At the moment, federal law prohibits pot cultivation even in those
states (11 at last count) that have passed medical-marijuana
referenda. In 1996, Californians voted in favor of the Compassionate
Use Act, also known as Proposition 215, which permitted the use and
cultivation of marijuana by qualified patients.

According to the act, patients with a referral from a physician can
obtain medical marijuana from one of some 200 dispensaries or
"buyers' clubs," which procure their high-grade stock from
tucked-away farms and discreet greenhouses. Despite the ever present
threat of a crackdown from the federal government, these companies
are thriving-some clubs even offer their employees healthcare
benefits and 401(k) plans-and have created a market for medical marijuana.
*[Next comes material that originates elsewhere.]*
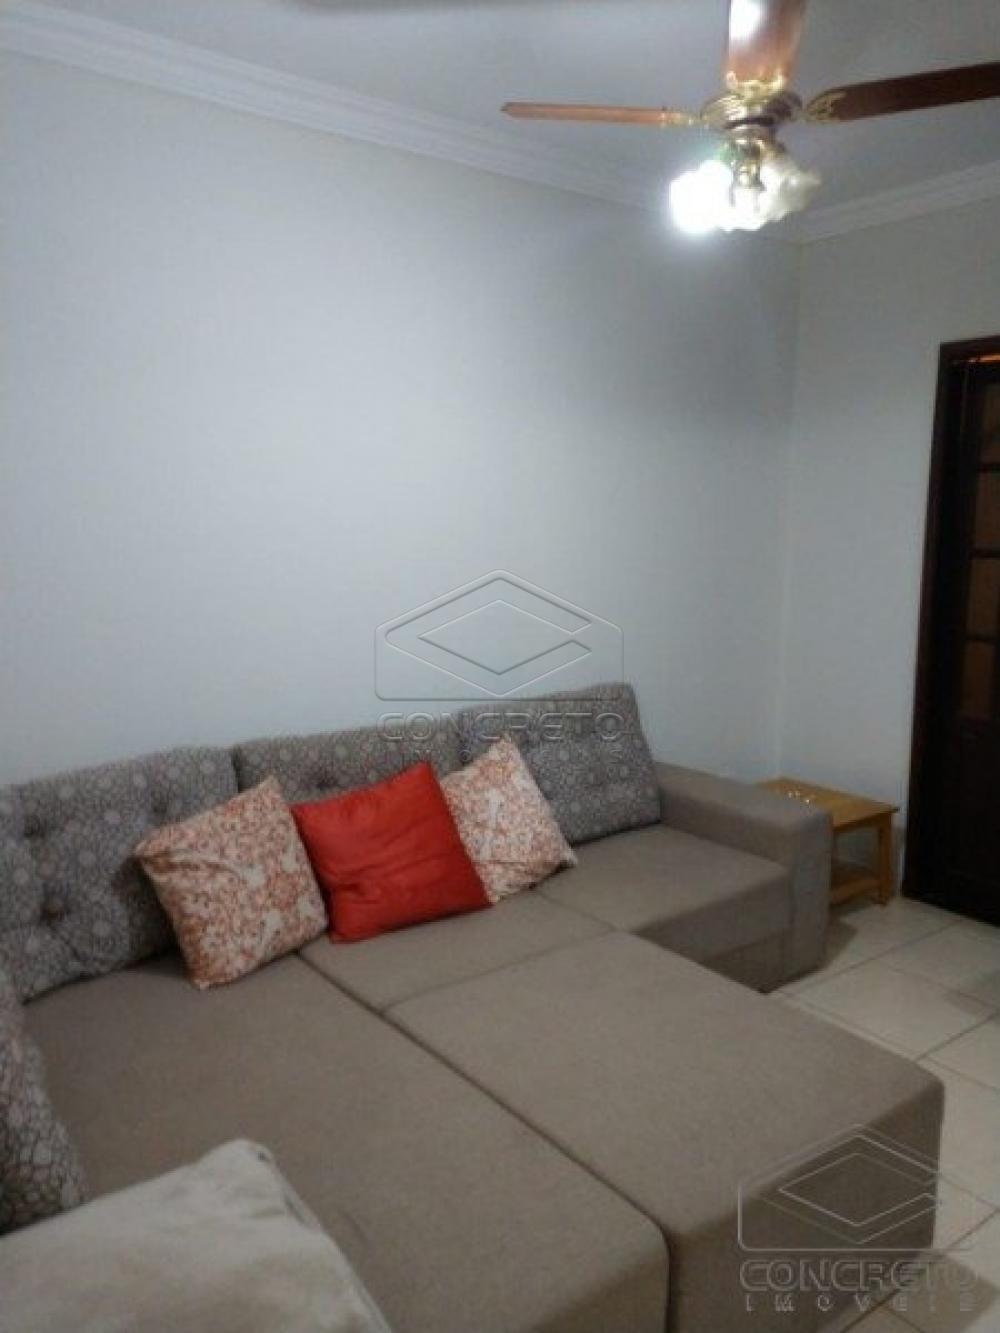 Comprar Casa / Residencia em Jaú apenas R$ 255.000,00 - Foto 4

"For evidence in support of the healthy competition fostered by a
marketplace economy, you need only to look at the quality of
marijuana available in California," says Mark Blumenthal, who directs
the nonprofit American Botanical Council of Austin, Texas. "Pluralism
and economic competition are good for the consumer. We generally
don't allow and empower monopolies in our culture-it's contrary to
the tenets of our economic system."

The invocation of a government monopoly on marijuana helps to explain
the strange bedfellows on the pro-cannabis side of this issue.

The conservative historian Richard Brookhiser and the late Reagan
aide Lyn Nofziger both spoke out in favor of medical marijuana, and
supporters of Craker's suit against the DEA include not only several
nurses' associations and the United Methodist Church but Grover
Norquist, president of Americans for Tax Reform and a staunch
defender of small government and an unfettered free market.

"The use of controlled substances for legitimate research purposes is
well-established, and has yielded a number of miracle medicines
widely available to patients and doctors," Norquist wrote in his
letter of support. "This case should be no different.
It's in the public interest to end the government monopoly on
marijuana legal for research."

Given Norquist's many successes on the lobbying circuit, perhaps all
medical marijuana needs is a new pitch man.